▸ **Work required**
Write every line of the material again exactly, with no pictures in the copy.

▸ **Source material**

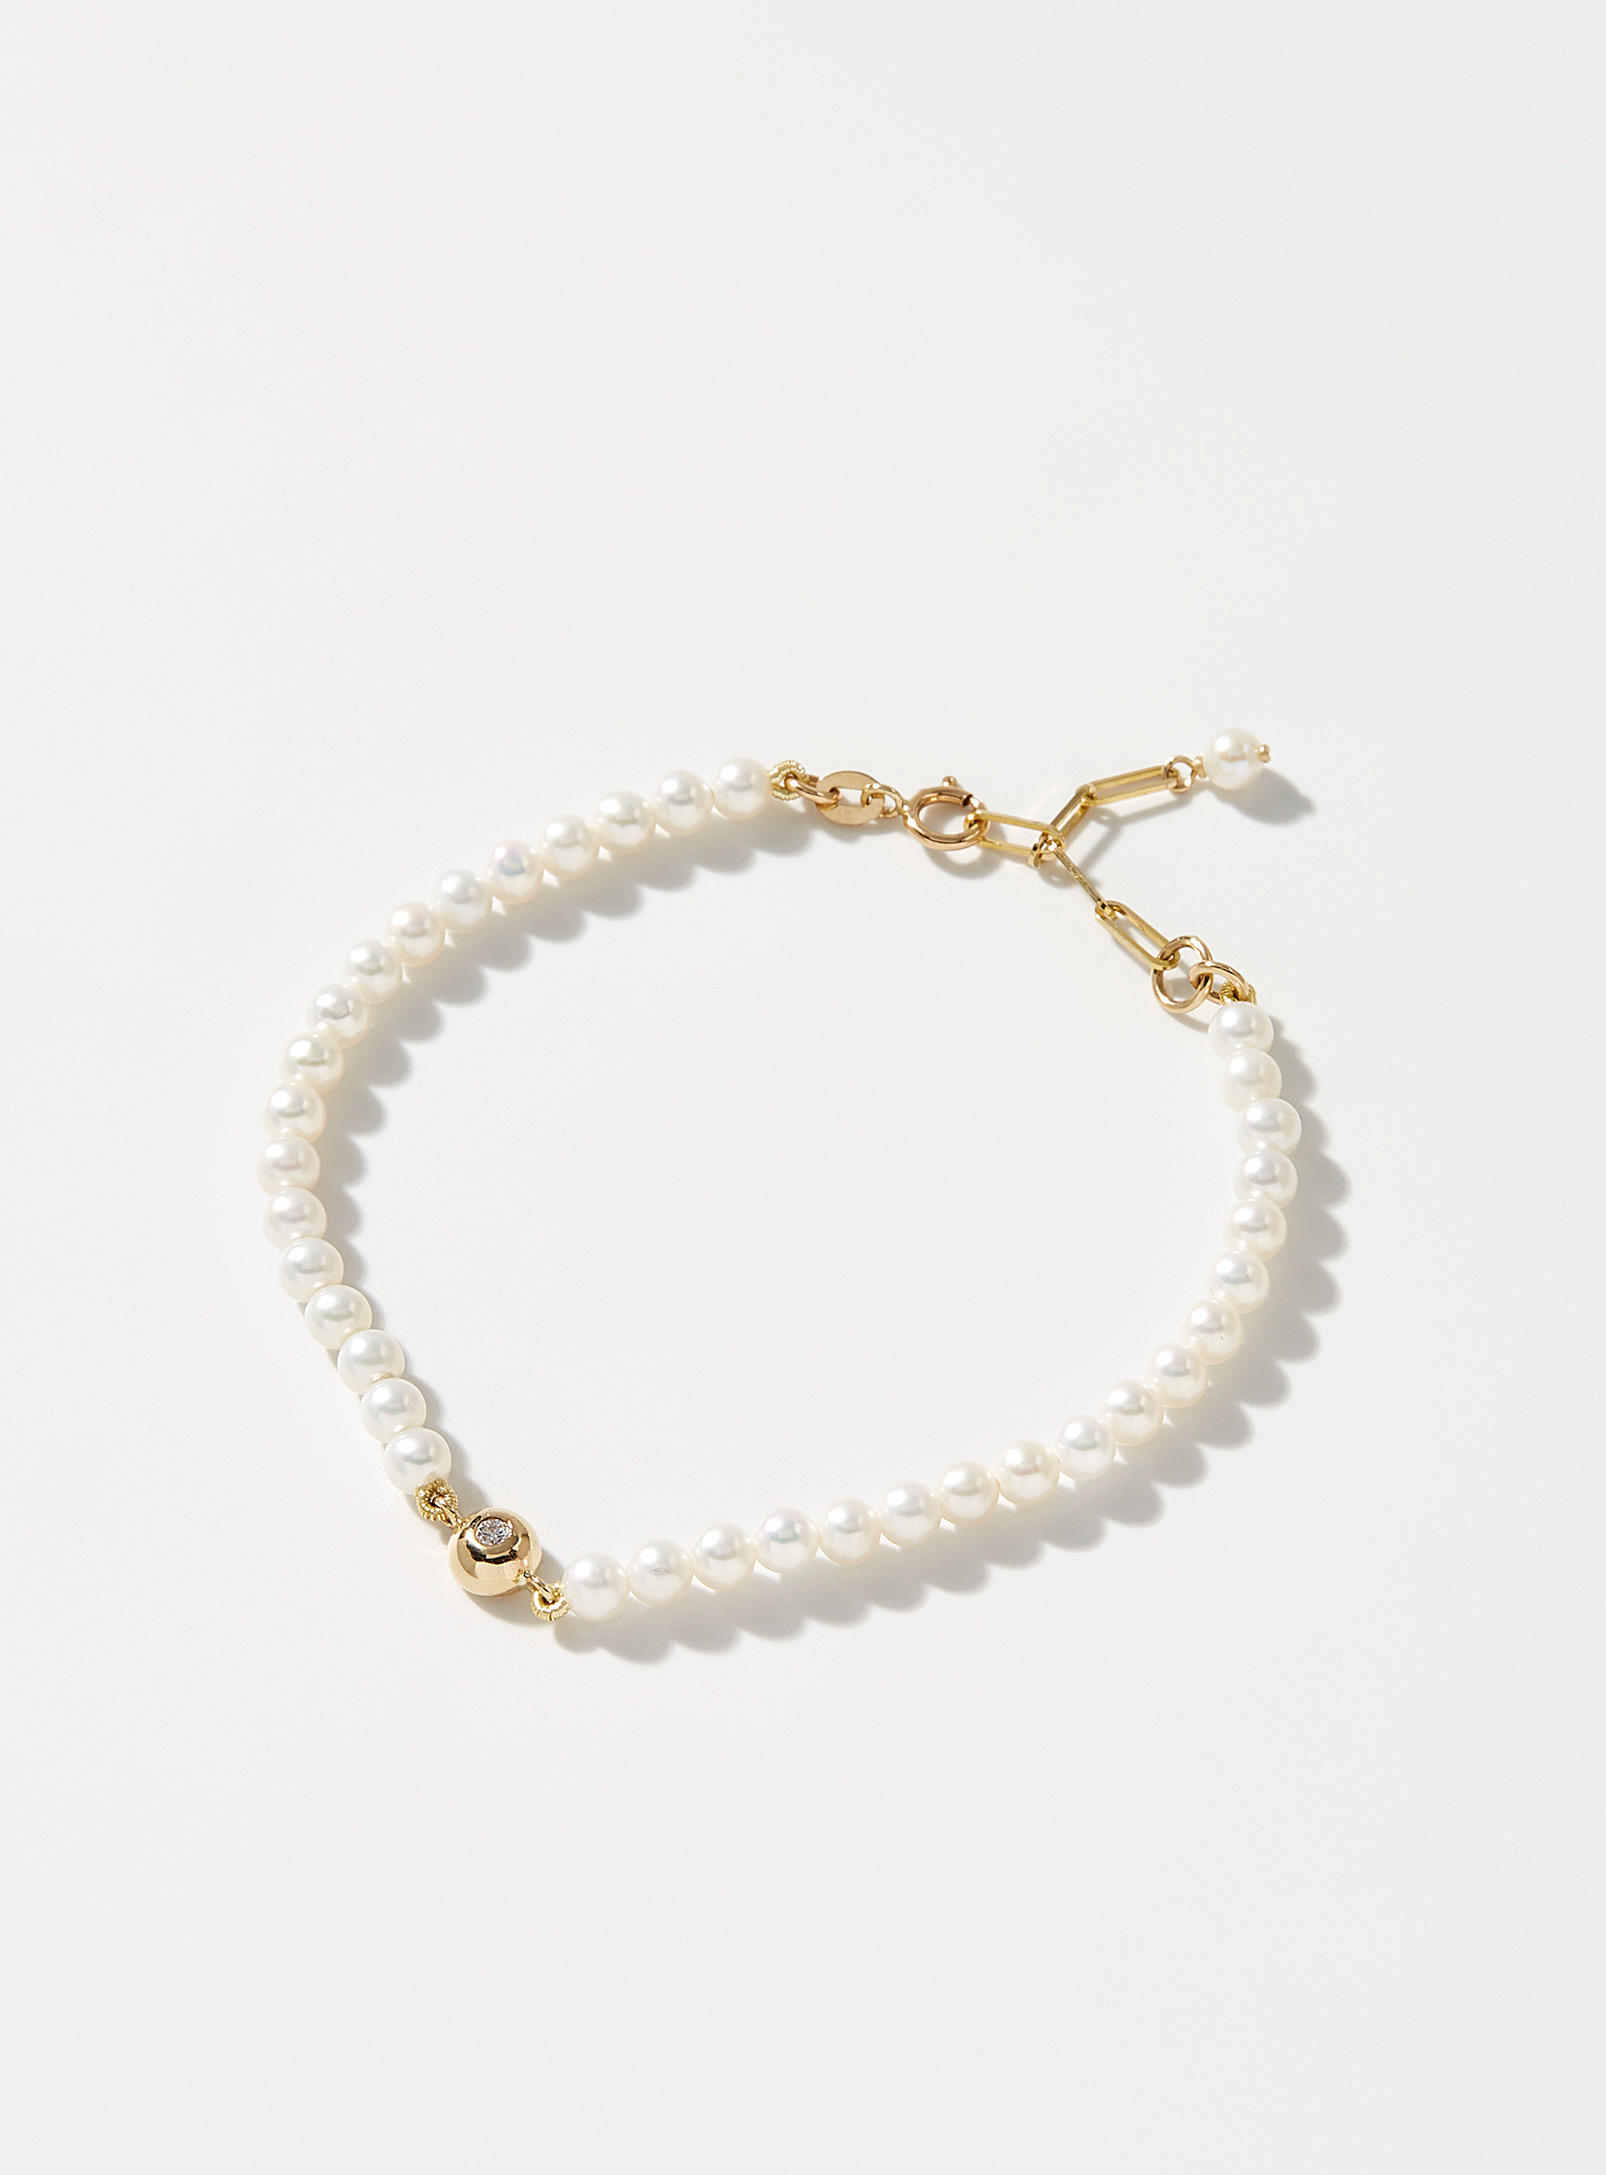 Poppy Finch - Le bracelet de perles minidiamant
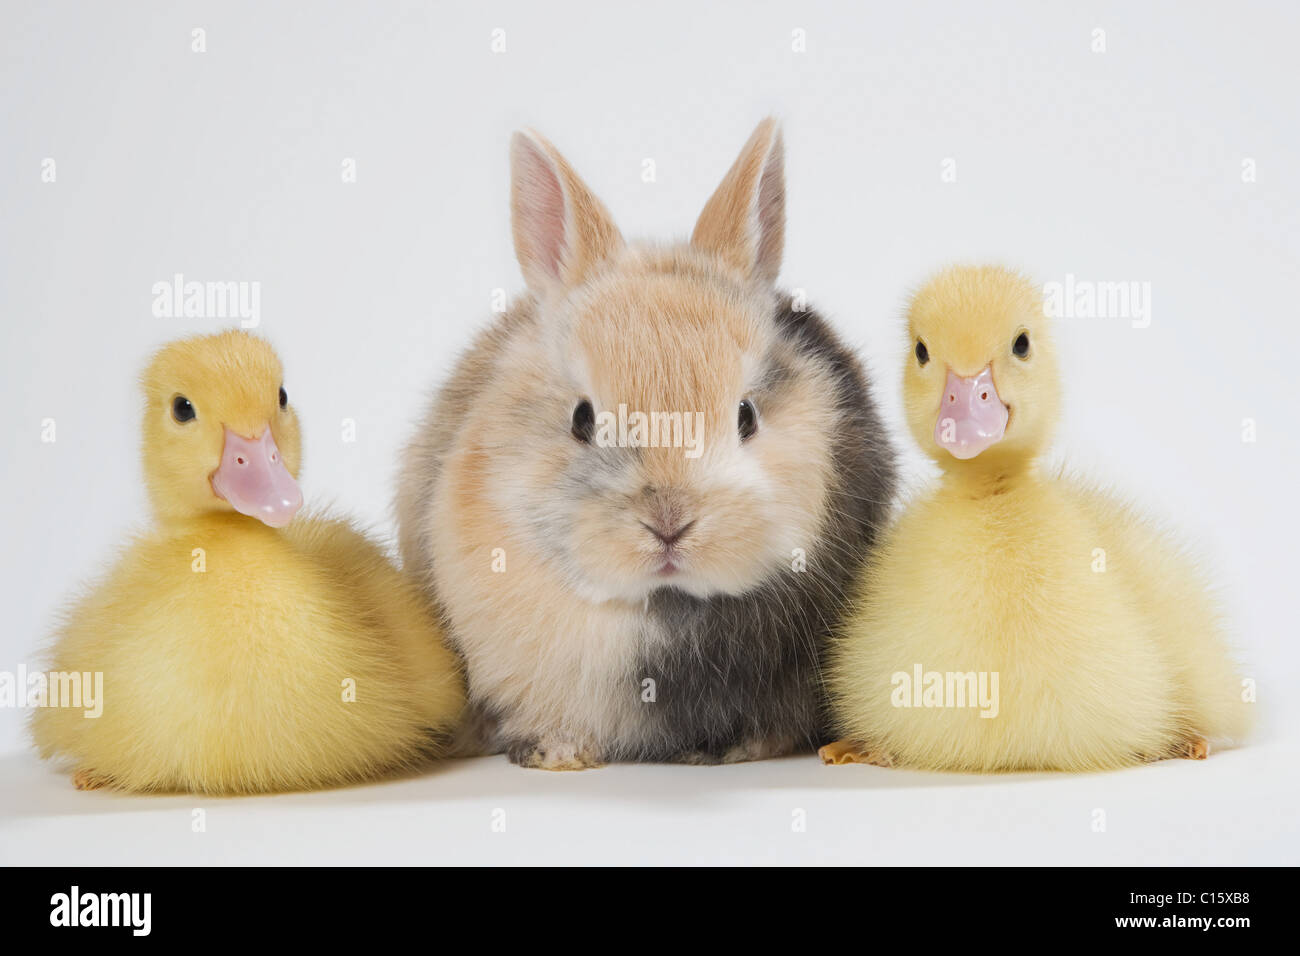 Cute Cartoon Duckling Depicted Profile Rabbit Stock Illustration 358243046
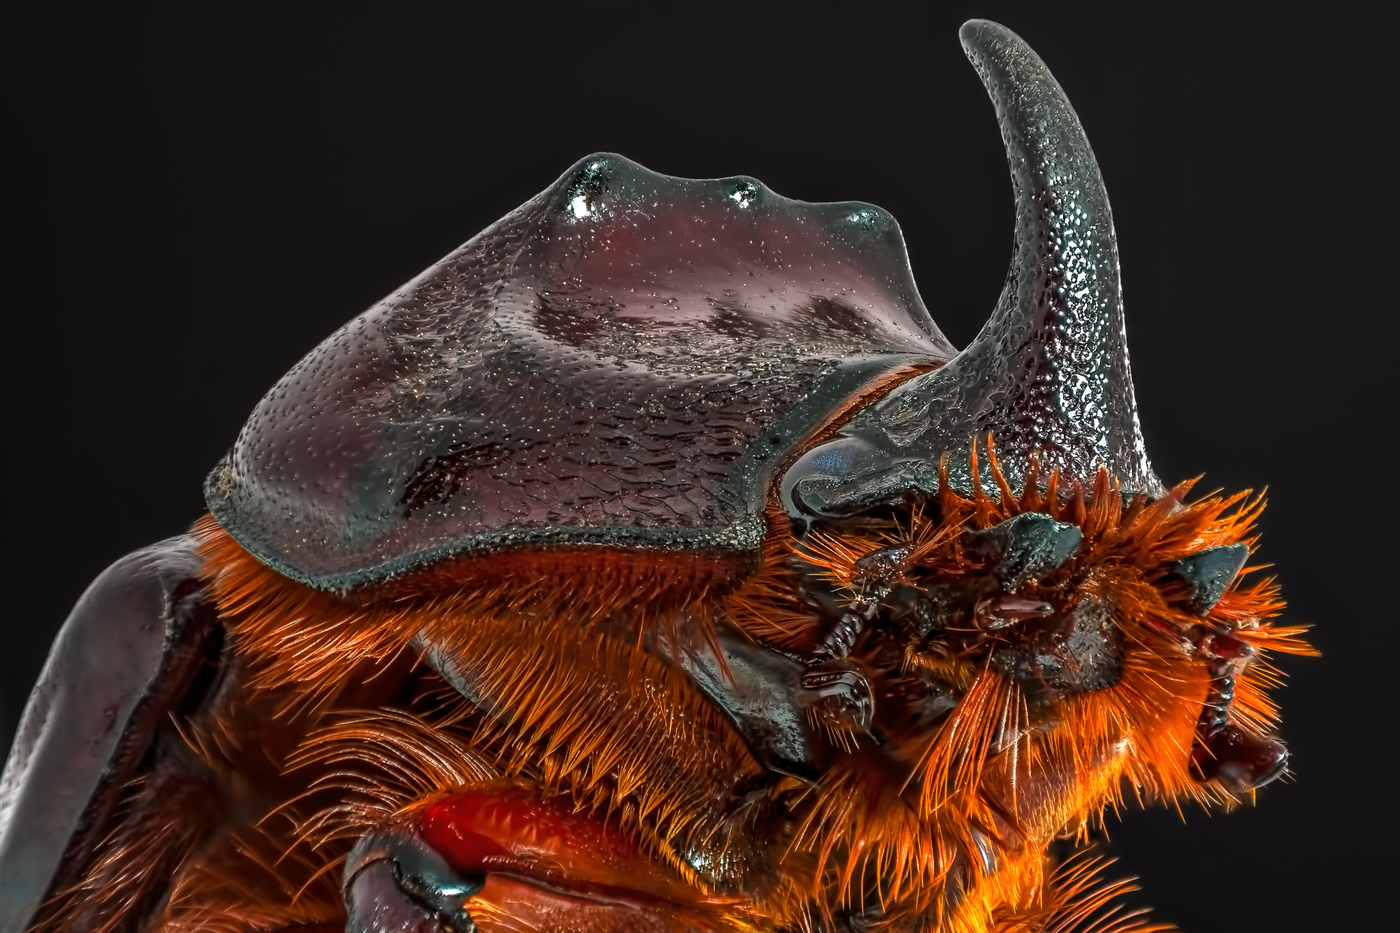 Rhinoceros beetle close-up: macro photo of rhinoceros beetle

▸ **Response to this task**
 Poppy Finch - Le bracelet de perles minidiamant
 Cute Cartoon Duckling Depicted Profile Rabbit Stock Illustration 358243046
 Rhinoceros beetle close-up: macro photo of rhinoceros beetle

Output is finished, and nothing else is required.